Humphrey Tlou (University of the Witwatersrand, South Africa)


When the news about the discovery of the Higgs boson first came out in 2012, I was already in my first year at university. That's when I developed an interest in high-energy particle physics. At that time, I was studying nuclear sciences and engineering. In my final year, I chose a physics project to work on, and that turned out to be the first ATLAS project I've worked on. The love grew stronger and here I am now: a PhD student from the University of the Witwatersrand in South Africa.

My PhD thesis is a combination of detector work and physics analysis. I am involved with the Tile Calorimeter group, which is a sub-detector of ATLAS, and I mainly contribute to the upgrade, development and management of the data-acquisition software. This work allows us to operate the detector and collect data for physics analysis.

The discovery of the Standard Model Higgs boson has posed questions as to whether or not there is new physics beyond the Standard Model. The physics analysis that I'm working on mainly focuses on the search for a new heavy boson. This new boson would be much heavier than the Higgs boson and would be produced through the gluon–gluon fusion, decaying into a four-lepton final state in association with missing transverse energy.

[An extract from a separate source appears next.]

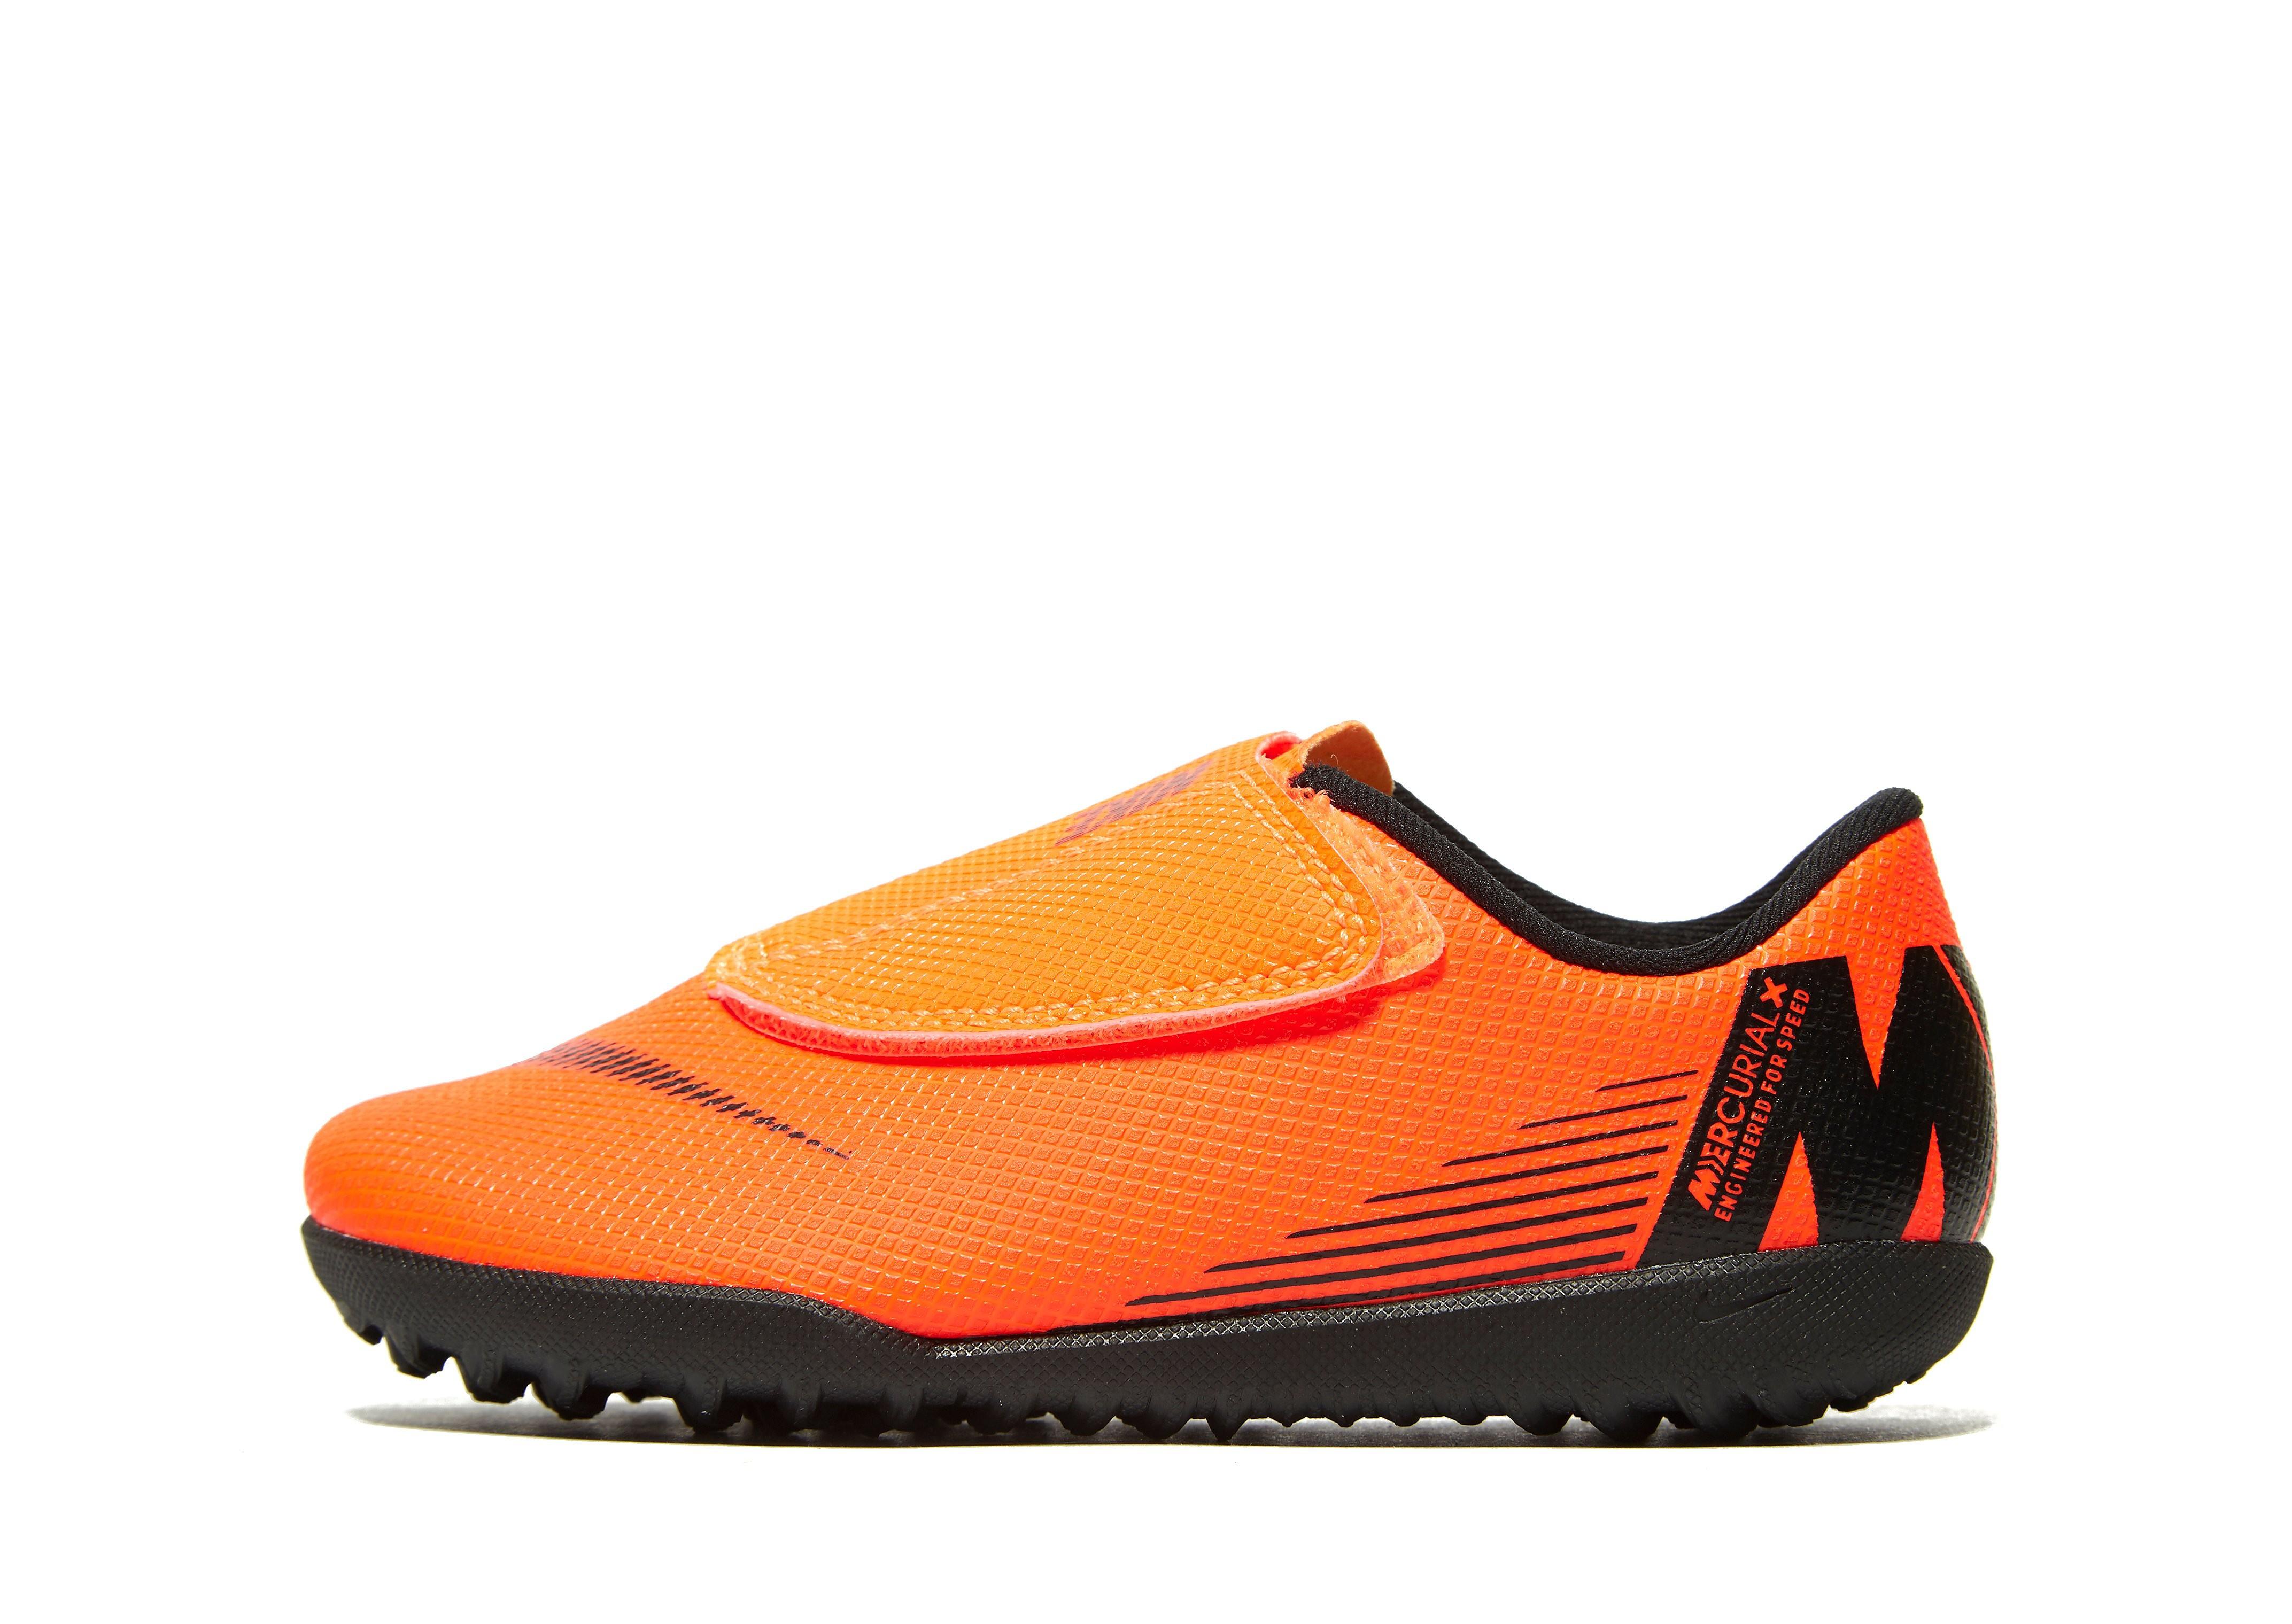 Nike Mercurial 360 Vapor Club TF Children

Along with my family and supervisors, I'd like to thank Lombard Odier and the CERN & Society Foundation for the ATLAS PhD Grant – not forgetting Peter and Fabiola for initiating this programme. It feels so great to work with the diverse community here at CERN. I've learned a lot throughout my past few years with ATLAS, and I continue to learn and grow.

* The 17 nationalities of ATLAS PhD Grant recipients so far: Argentina, Armenia, Australia, China, Ecuador, Germany, Italy, Morocco, Nepal, Pakistan, Portugal, Russia, Serbia, South Africa, Sweden, the United Kingdom and Zambia.